Иванов прохворал всего три дня. 3 июля 1858 года его не стало. Он умирал с мыслью о путешествии в Палестину, с намерением поселиться в Москве и начать воспитание молодых художников. Будущее русского искусства не выходило у него из головы. Ему все казалось, что ему так и не удалось совершить в искусстве все то, к чему он был призван. По своей обычной скромности он не мог понять, что его трагическая смерть была достойным завершением всей его благородной жизни.
Через несколько часов после смерти Иванова в дом Боткина явился лакей с конвертом из Придворной конторы с уведомлением о том, что император покупает картину «Явление» за пятнадцать тысяч рублей и дарует художнику Владимира в петлицу.
Похороны его были скромные. Хотя отпевание происходило в академической церкви, многим бросилось в глаза отсутствие представителей высшего академического начальства. Зато похороны Иванова собрали тех людей, которые уже угадывали в Иванове будущую гордость русского искусства.

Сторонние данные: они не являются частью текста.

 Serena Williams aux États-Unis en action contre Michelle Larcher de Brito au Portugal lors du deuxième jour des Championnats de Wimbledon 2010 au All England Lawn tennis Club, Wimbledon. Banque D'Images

Многим, тогда еще молодым людям, которые впоследствии стали передовыми деятелями русской культуры, похороны эти запомнились на всю жизнь.
Для того чтобы ослабить впечатление от речей двух студентов, произнесенных на могиле Иванова в Новодевичьем, решено было прочесть стихотворение, посвященное ему П. А. Вяземским. В прошлом близкий к передовым кругам русской литературы, он давно уже перешел в лагерь черной реакции. Вот почему в сочинении его сквозь старомодно высокопарные похвалы в адрес художника так ясно проглядывало намерение всячески отвлечь внимание от его трагической судьбы.

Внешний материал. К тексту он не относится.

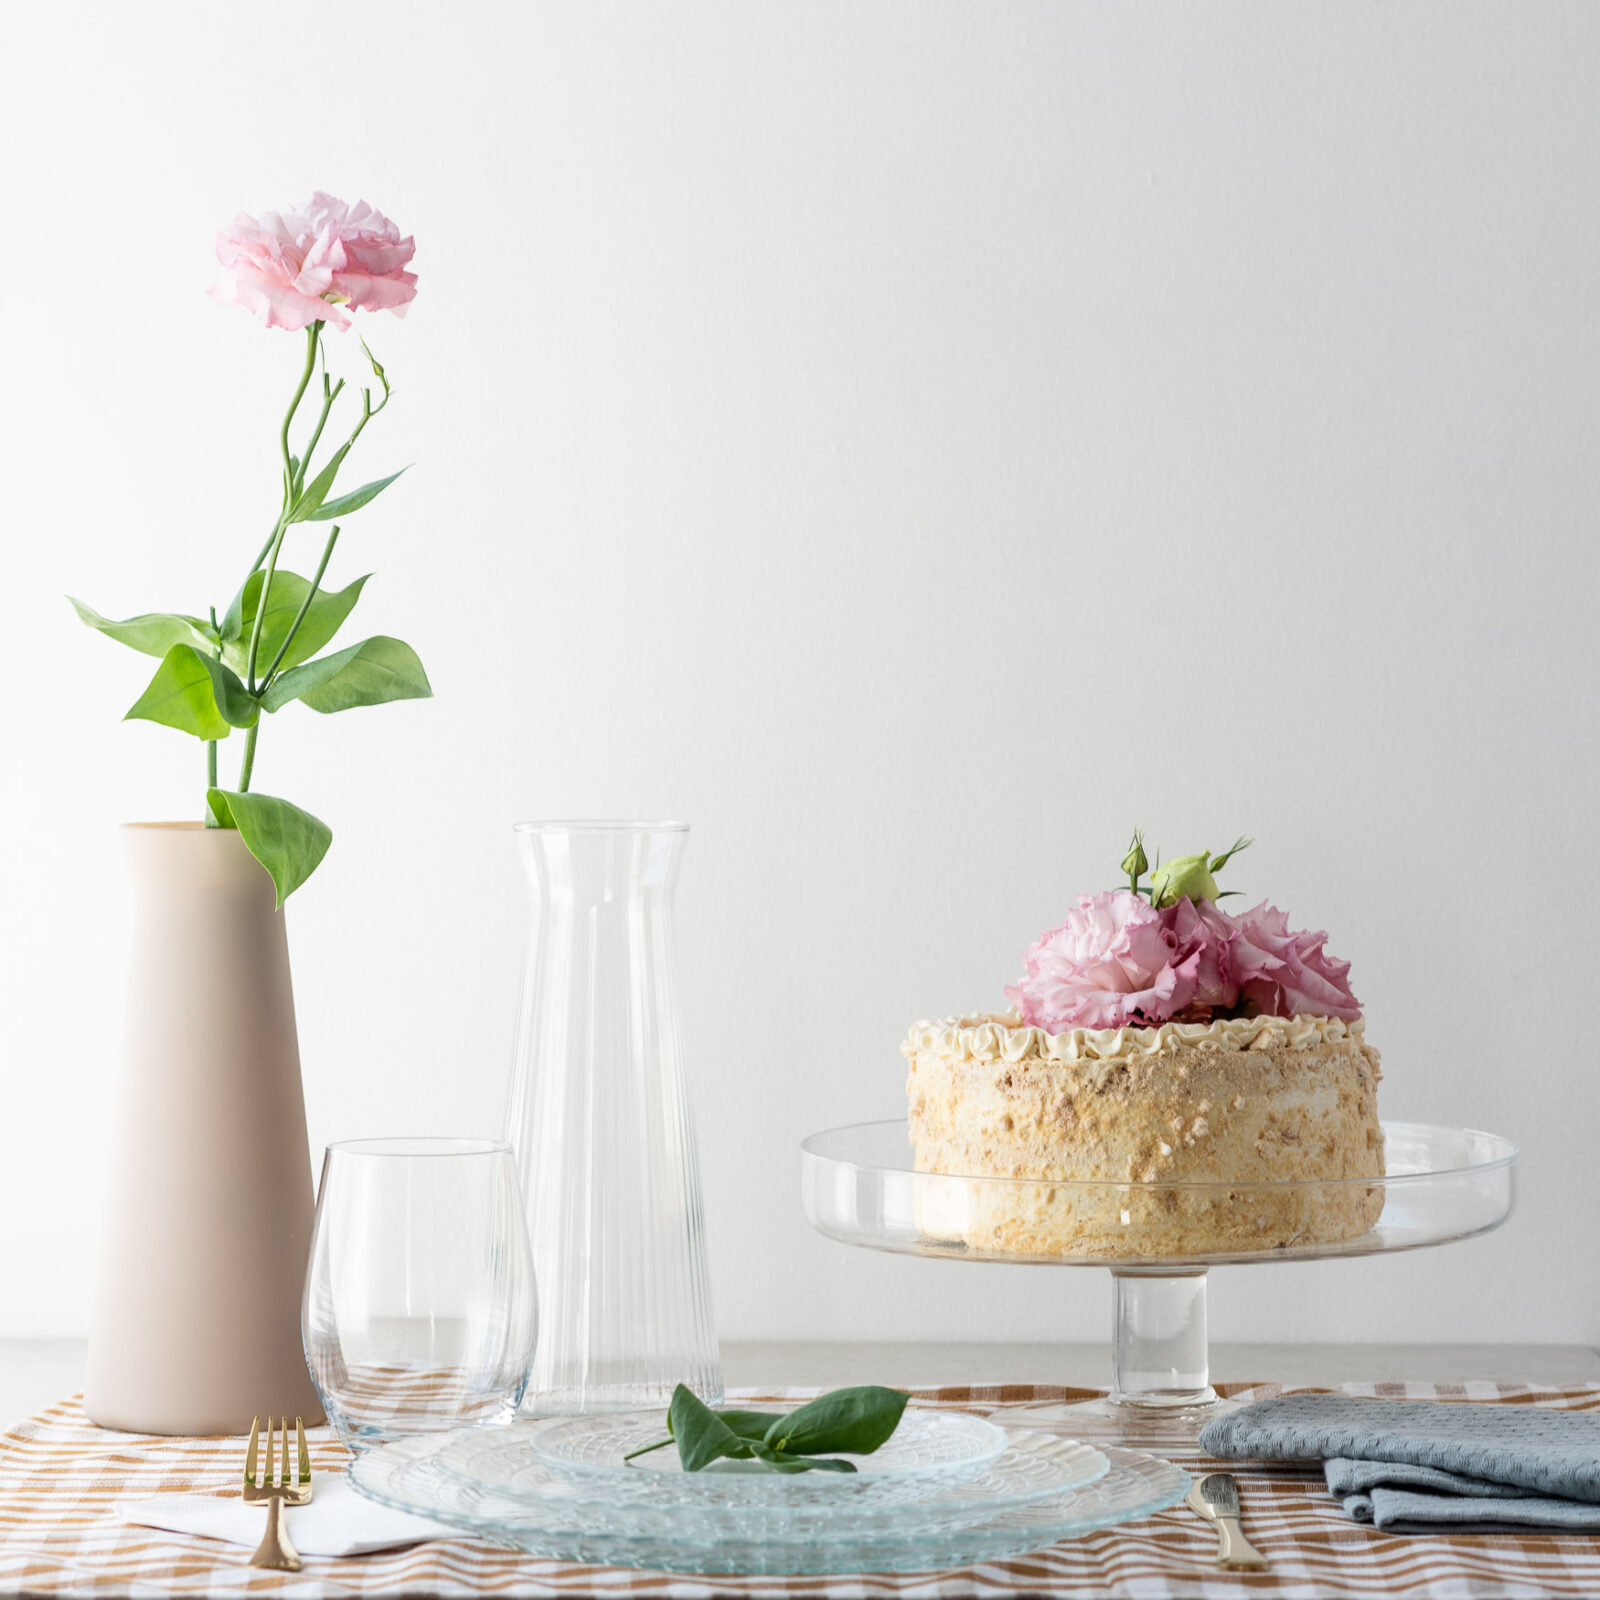 Patera szklana, wazon, karafka jako elementy dekoracji stołu

Иванов именовался в стихотворении «схимником», хотя это противоречило правде. Художнику, который так последовательно шел к реализму, приписывалась прозрение того, что «не увидеть темным оком». Как бы в ответ на возможные упреки в недооценке Иванова в России заместитель министра народного просвещения, каковым был в то время П. А. Вяземский, восклицал: «И что тебе народный суд!» И, наконец, чтобы склонить людей признать все злоключения художника чем-то неизбежным, он притворно разводил руками и винил во всем современность — «наш век промышленных и всяких сделок». Вот почему после стихов таким протестом прозвучали слова какого-то молодого человека, который вслух спросил самого себя: «Что дала Иванову Россия за его картину?» И сам себе ответил: «Могилу».
Два года спустя в окрестностях Рима по пустынной дороге, которая ведет в город из старинного храма Сан Паоло фуори ле муре неподалеку от Монте Тестаччо, неторопливо возвращались домой три путешественника, разговаривая по-русски друг с другом. Один из них был брат умершего художника Сергей Иванов, два других — братья Сергей и Михаил Боткины, незадолго до того приехавшие из Петербурга в Рим. Некоторое время они шли в полном молчании. Потом Сергей Андреевич заговорил о своем умершем брате. Последнее его письмо было отправлено меньше чем за неделю до смерти, письмо это едва достигло Рима, как пришла срочная депеша с известием об его кончине. Сергея вызывали в Петербург, в противном случае его пугали осложнениями при вступлении в права наследника, но тот решительно отказался ехать. Потом ему были пересланы официальные соболезнования, но до сих пор он так и не узнал истинных обстоятельств трагической кончины своего брата и только теперь среди тишины древнего Рима решился об этом спросить очевидцев. Михаил Боткин стал подробно передавать все, что знал о последних днях жизни Александра Иванова. Казалось, Сергей внимательно слушал это печальное повествование, он только задавал отрывистые вопросы и расстался со спутниками своими у ворот своего дома.